### Data extract
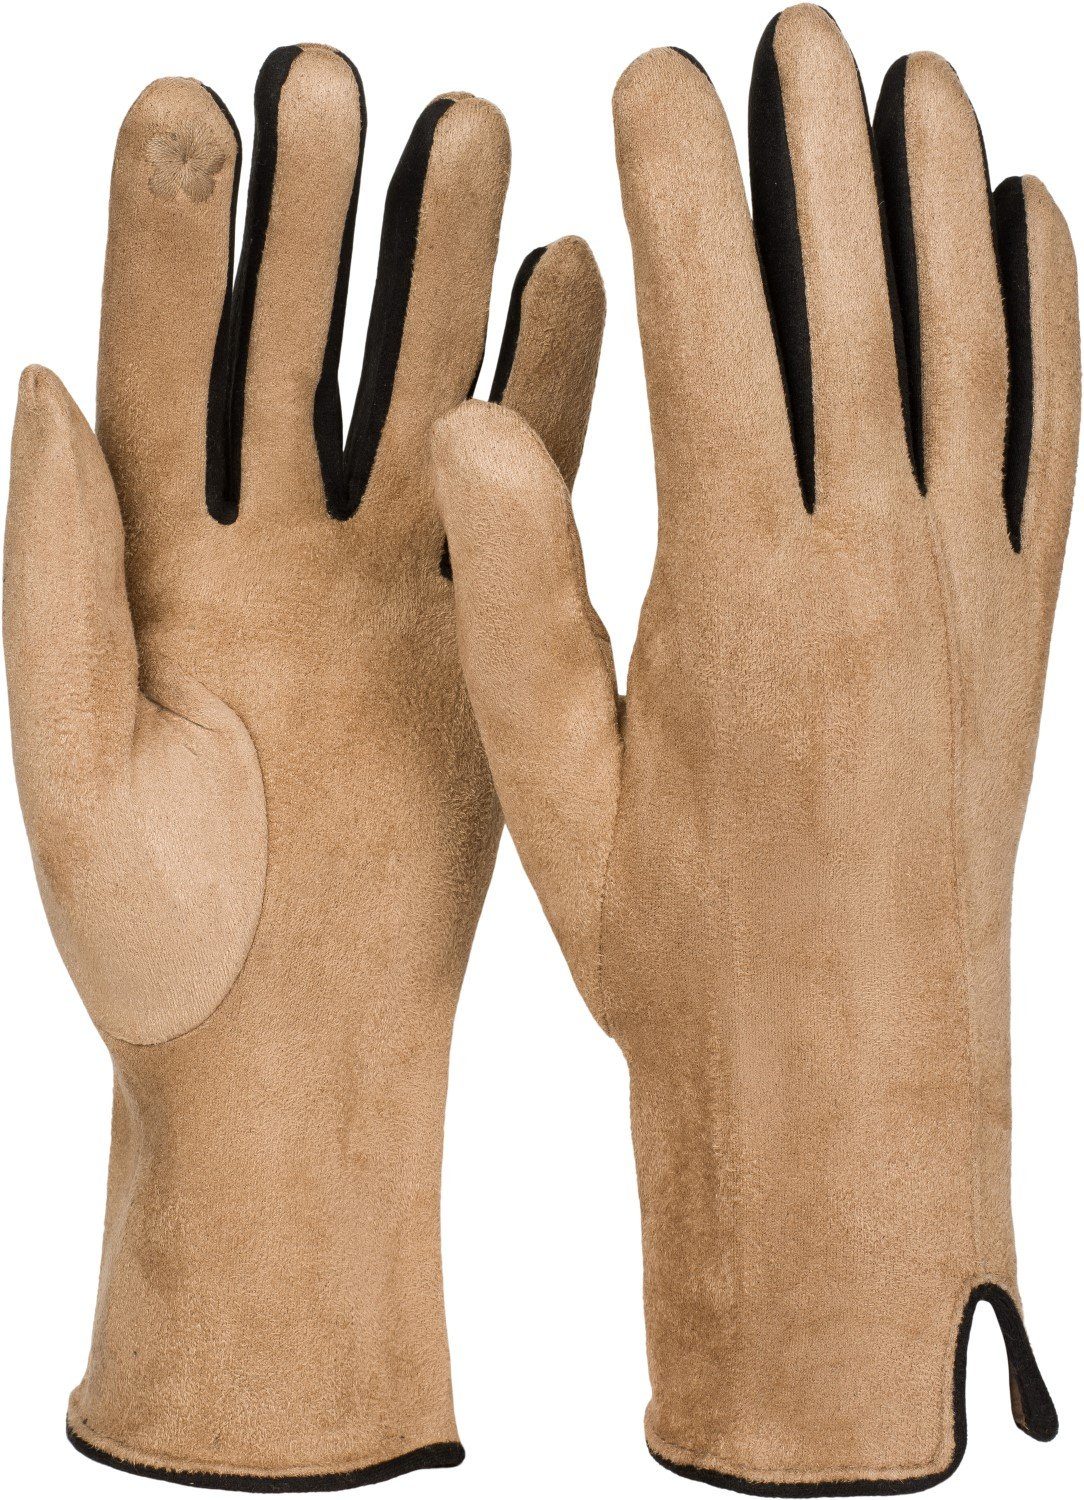 mumbi Handschuhe für Handy Tablet Touchscreen Damen Herren Größe M Gloves braun 
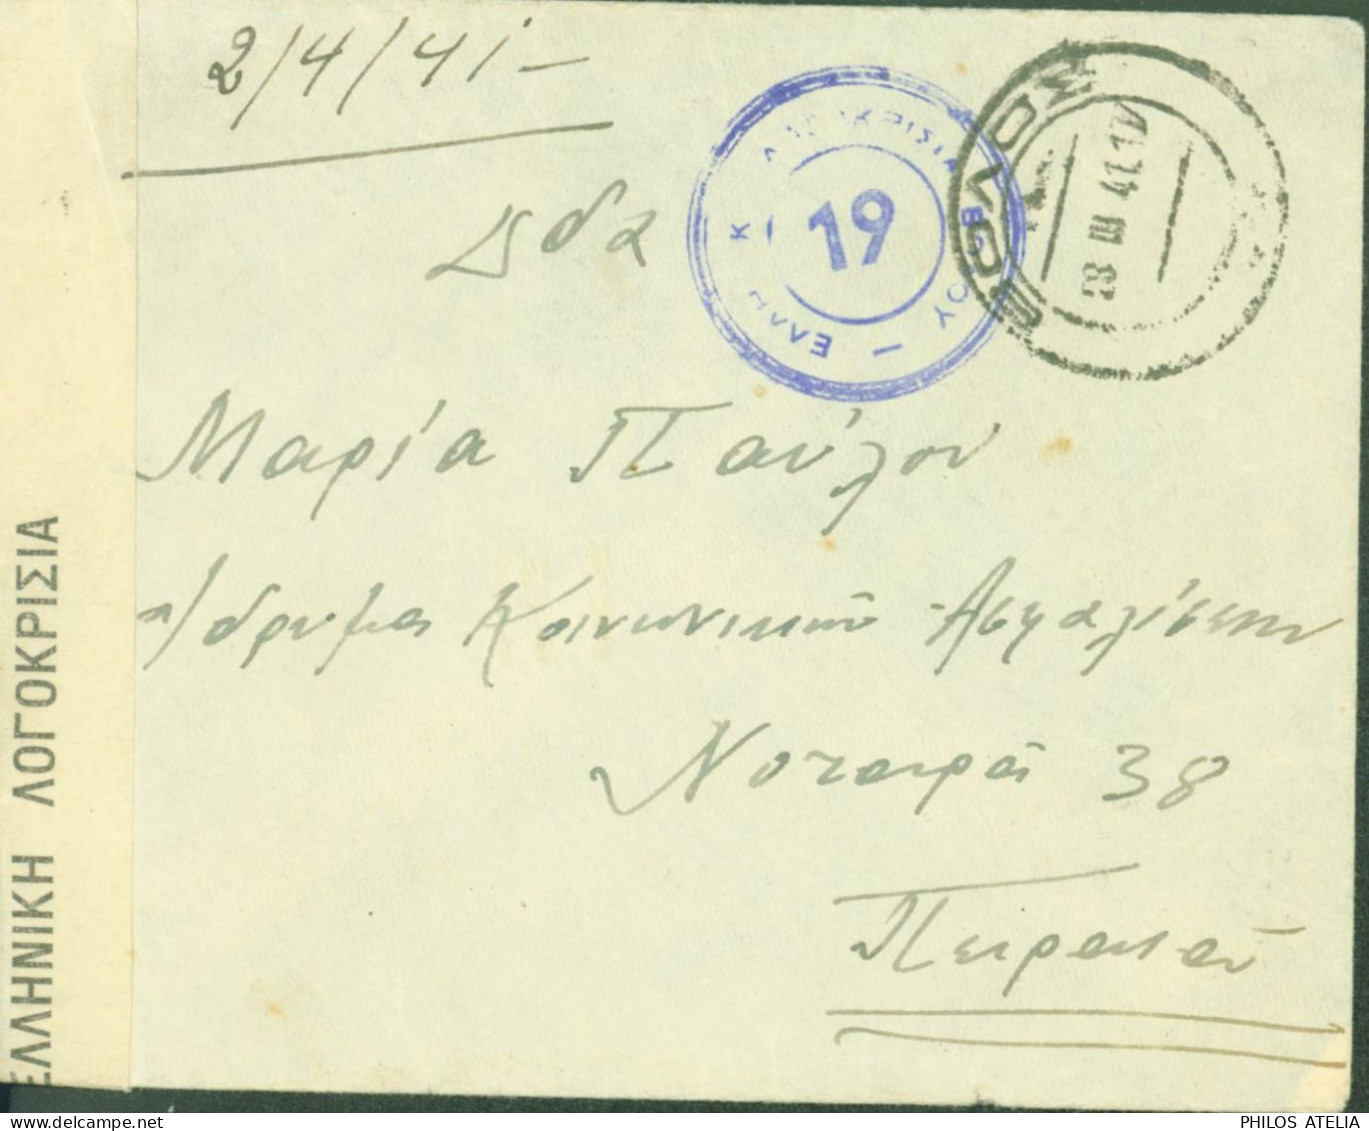 Grèce Guerre 40 Envoyée Au Service & Assistance Au Pirée Censure CAD Volos 19 III 1941 - Covers & Documents
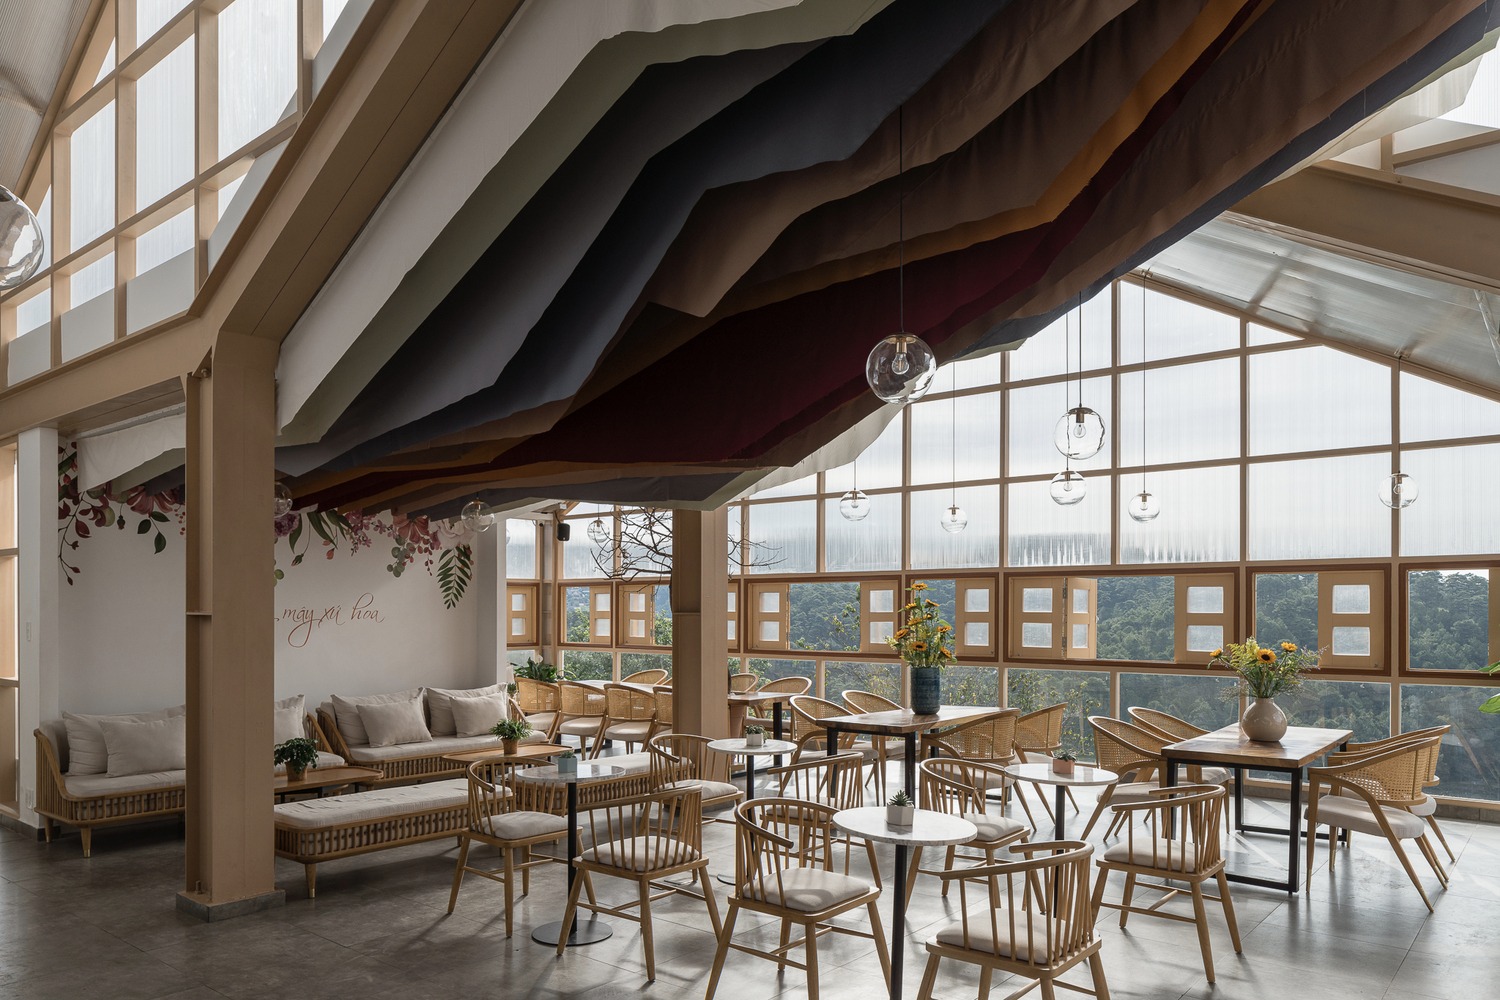 không gian bên trong quán cà phê với cấu trúc mái uốn lượn độc đáo

### Exercise aim
Give back the material above exactly, but without its images.

### Task solution
 mumbi Handschuhe für Handy Tablet Touchscreen Damen Herren Größe M Gloves braun 
 Grèce Guerre 40 Envoyée Au Service & Assistance Au Pirée Censure CAD Volos 19 III 1941 - Covers & Documents
 không gian bên trong quán cà phê với cấu trúc mái uốn lượn độc đáo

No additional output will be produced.